Numerical Results and Implications

The methodology is applied to both analytical and finite element problems, demonstrating efficiency with up to 100 random variables. The strong numerical results indicate significant reductions in computational efforts compared to traditional Monte Carlo methods. The approach aligns well with industrial applications where computational resources are a critical constraint.

Theoretical and Practical Implications

Theoretically, the work advances the integration of metamodeling and variance reduction techniques, offering a robust framework for reliability analysis. Practically, it allows for a feasible evaluation of complex systems under uncertainty without excessive computational burdens. The method holds potential for widespread use in engineering fields requiring reliability assessments, such as aerospace, civil, and mechanical engineering.

Future Directions

This research opens avenues for further developments, including enhancements to adaptive refinement strategies and exploration of alternative metamodels.

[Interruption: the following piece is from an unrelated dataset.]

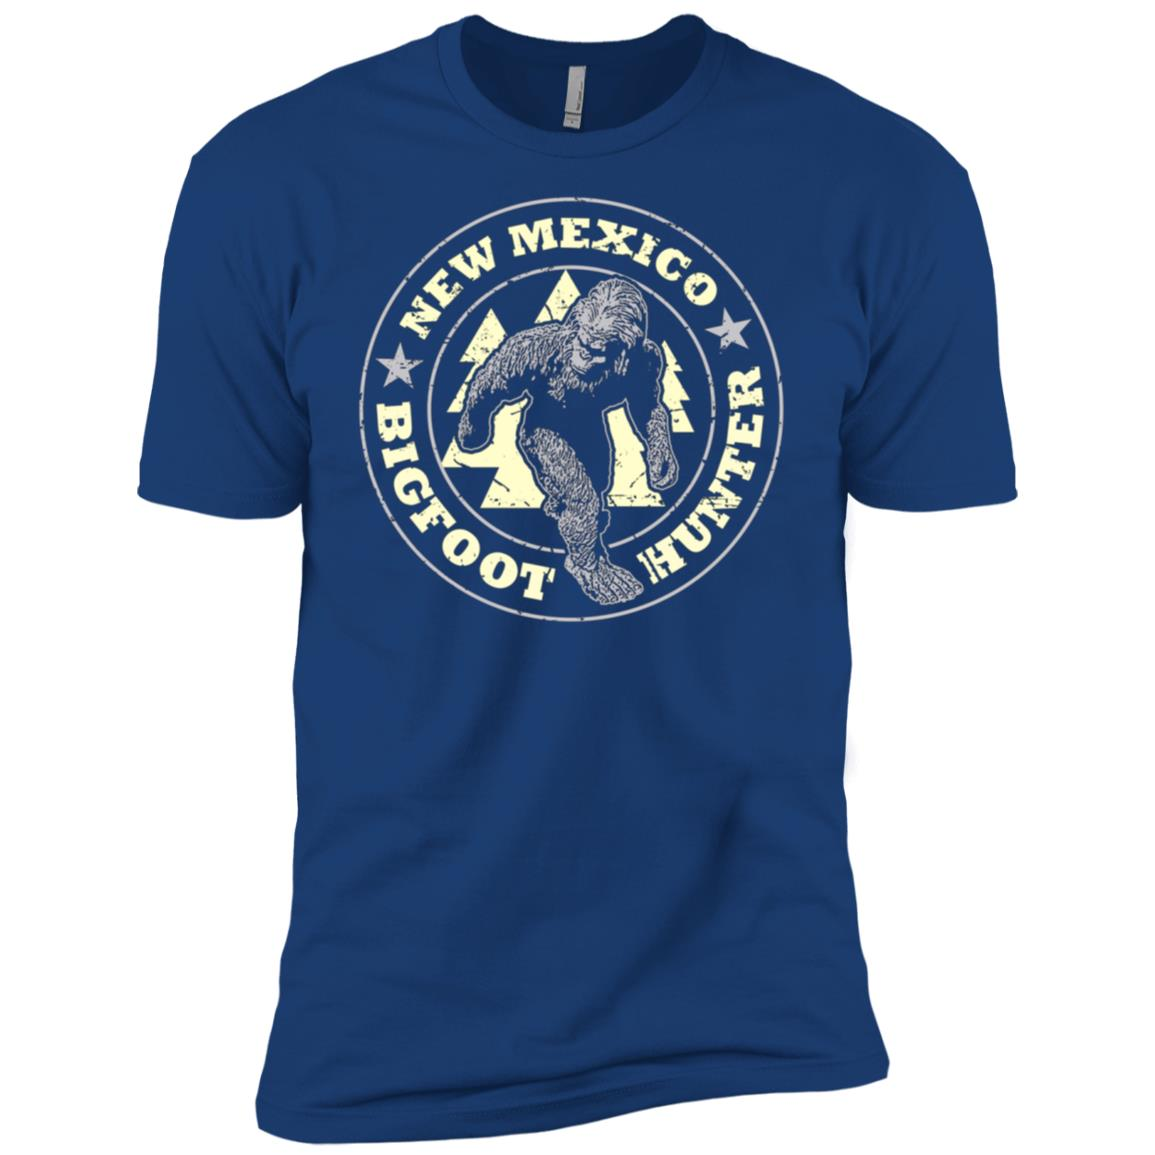 New Mexico Bigfoot Hunter Believe Men Short Sleeve T-Shirt

Additionally, integrating the method within reliability-based design optimization frameworks could provide comprehensive solutions to engineering design challenges.

In conclusion, the paper provides a significant contribution to structural reliability analysis, leveraging the strengths of metamodels and importance sampling. It addresses key challenges in computational cost and accuracy, laying the groundwork for future advancements in the field.